Modelling ISO galaxy counts with luminosity and merger rate evolution

We model galaxy evolution in the 6.75- and 15-mu m passbands of the ISO satellite, by combining models of galaxy evolution at optical wavelengths (which are consistent with the optical galaxy counts) with observed spectral energy distributions in the infrared. Our model is consistent with the local 12-mu m galaxy luminosity function (from IRAS), including the bright end if we place a small fraction (similar to 3.5 per cent at z = 0) of the model's spiral galaxies in interacting pairs with mid-infrared luminosities enhanced by major starbursts. Source counts from deep ISO surveys in the 6.75- and 15-mu m passbands significantly exceed nonevolving predictions. We find the number counts, redshift distributions and the wide range of mid-infrared/optical flux ratios of the detected galaxies to be reasonably consistent with our evolving model. Our models suggest that the steep number count of 6.75-mu m sources can be explained primarily by the evolving E/S0 galaxies. About one-third of 6.75-mu m sources do appear to be E/S0s or early-type spirals, but starburst galaxies at 0.6 < z < 1.1 are more prominent in this passband than we expected. In the 15-mu m passband the main contributors appear to be evolving, star-forming spirals and starbursting galaxy mergers, as in our model.

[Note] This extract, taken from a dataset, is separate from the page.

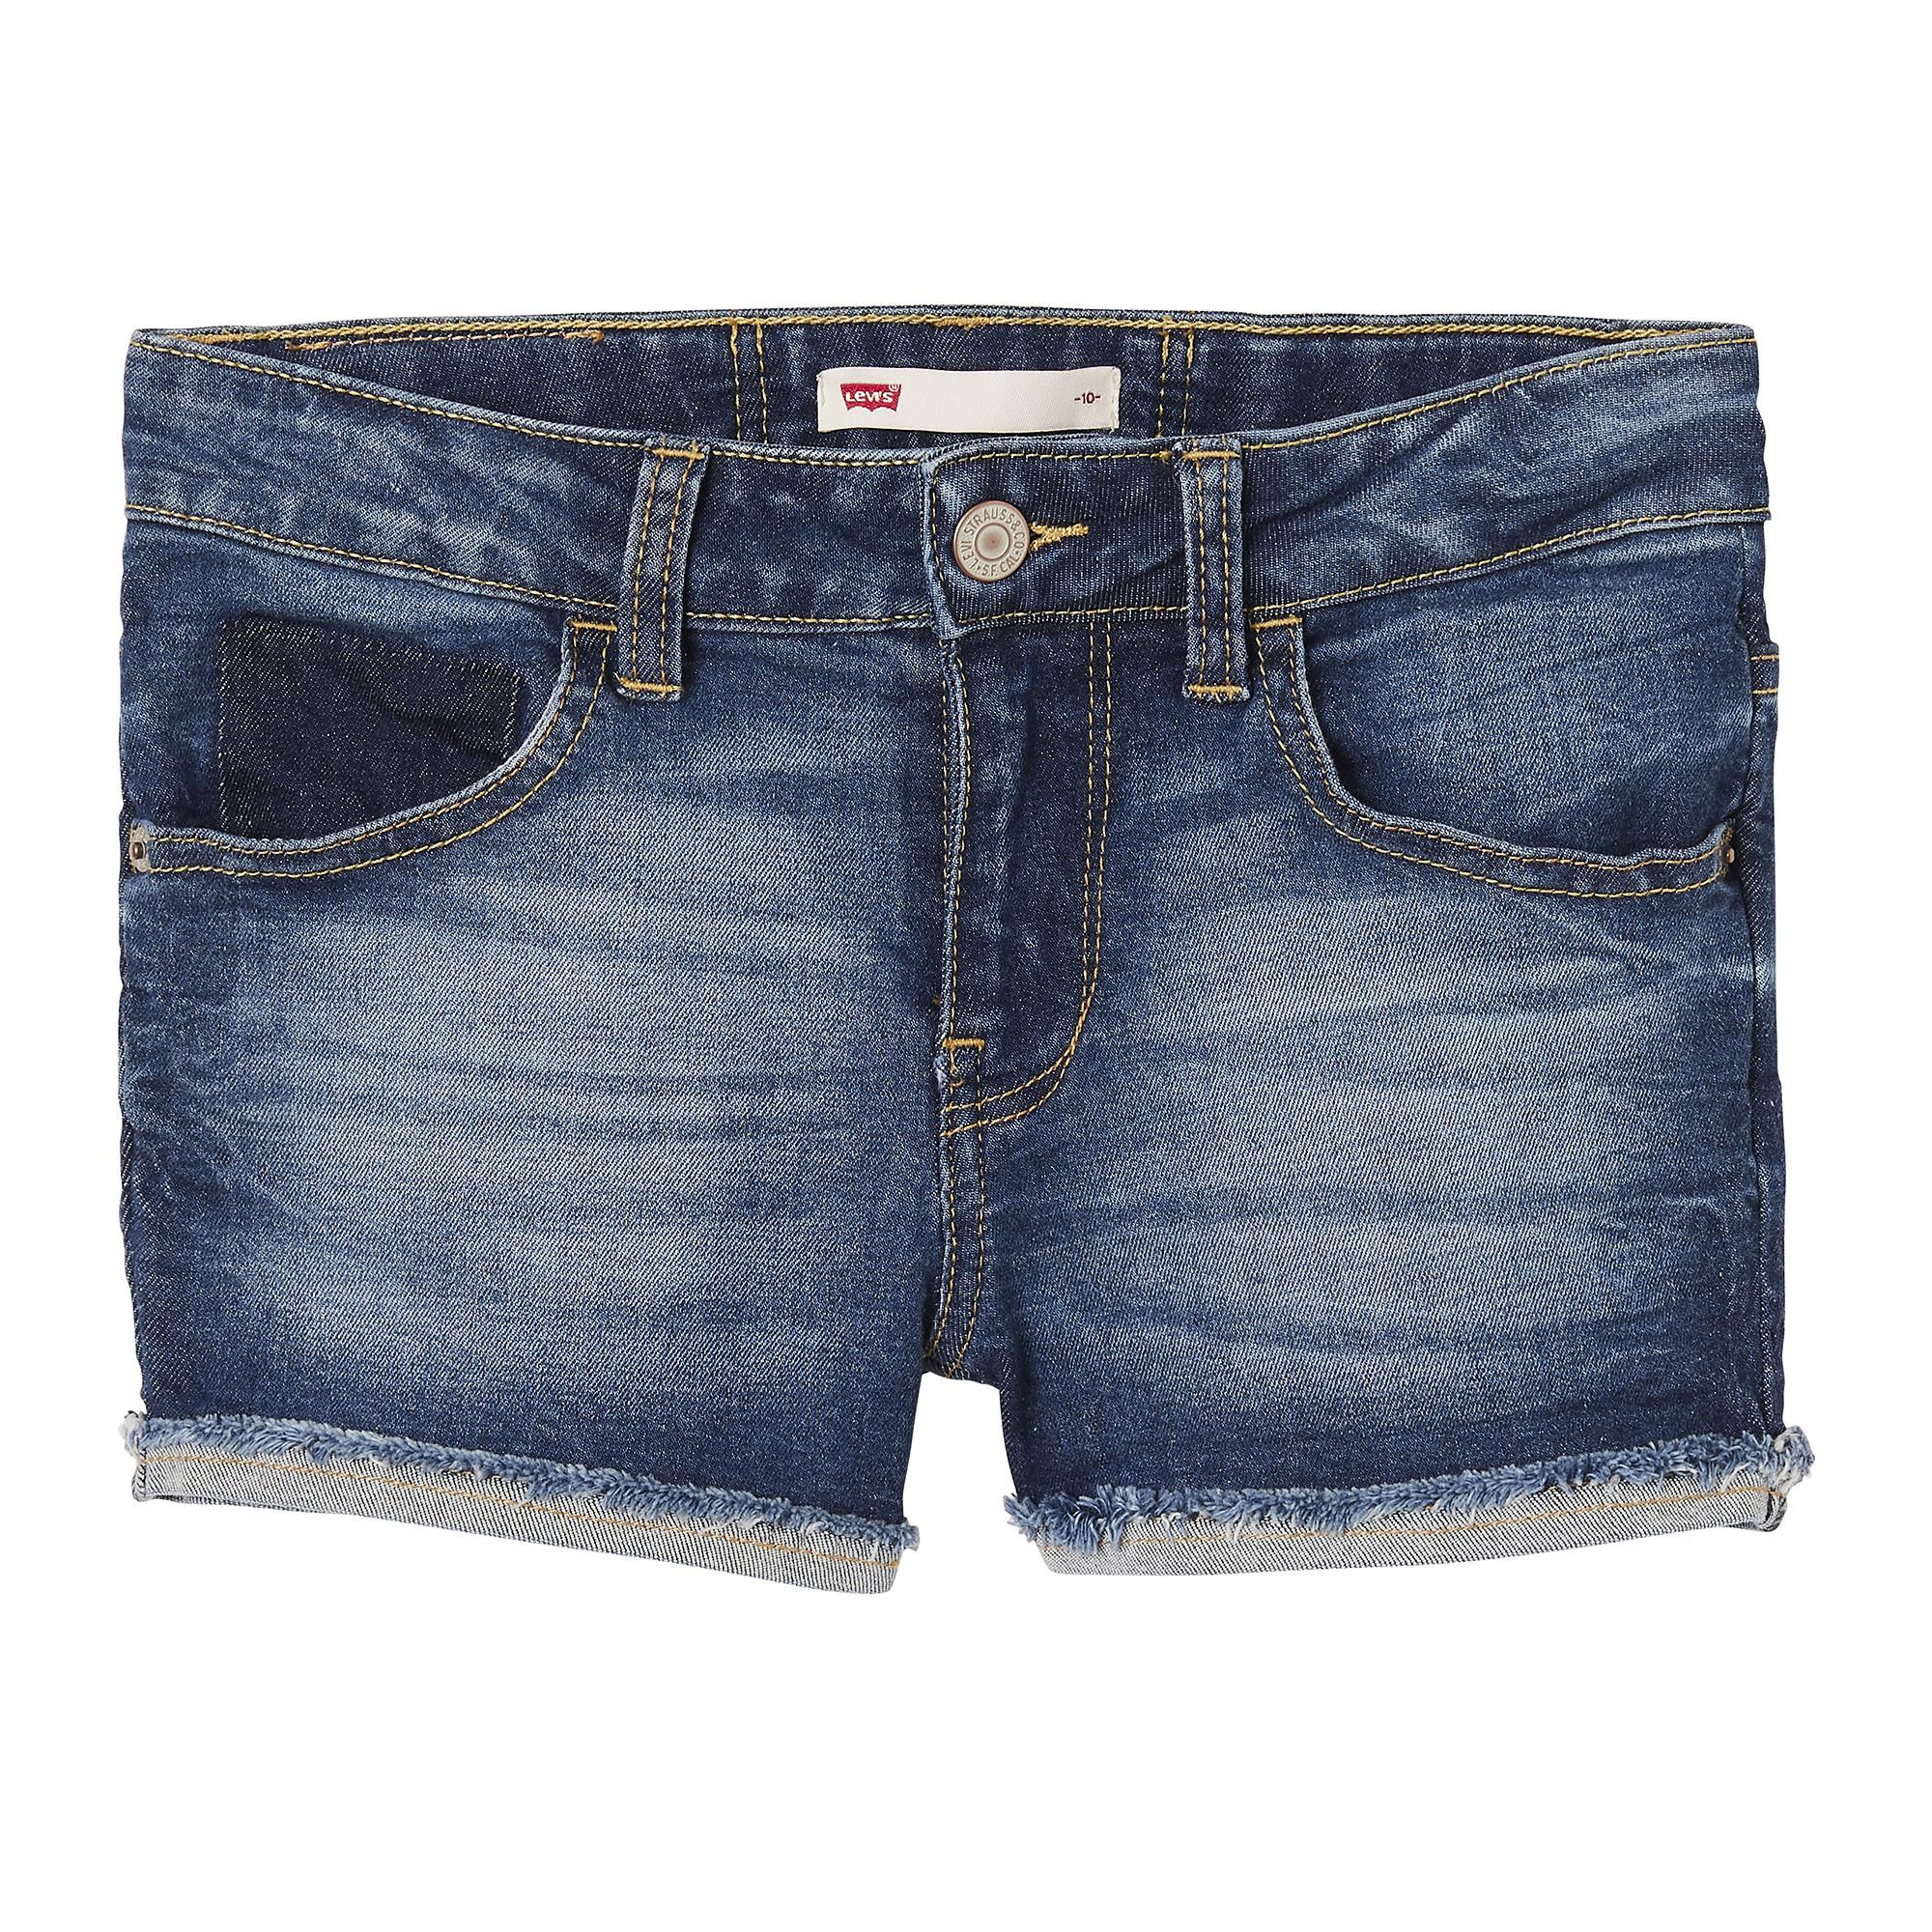 Levi's Moldu Short

Visibly interacting galaxies form similar to 31 per cent of the 15-mu m detections to 200 mu JY, and have high mid-infrared/optical flux ratios consistent with our models for major starbursts with high dust extinction (up to similar to 1.8 mag in the rest-frame blue band). The numbers and high mean redshift (0.68 +/- 0.08) of merging/interacting galaxies detected in these ISO surveys are only consistent with the local mid-infrared luminosity function if the merger-triggered starbursts undergo significant luminosity evolution, of similar to(1+z)(2) to z similar to 1, in addition to the similar to(1 + z)(2) number evolution reflecting the increase with redshift in the fraction of merging/interacting galaxies (as estimated from optical surveys).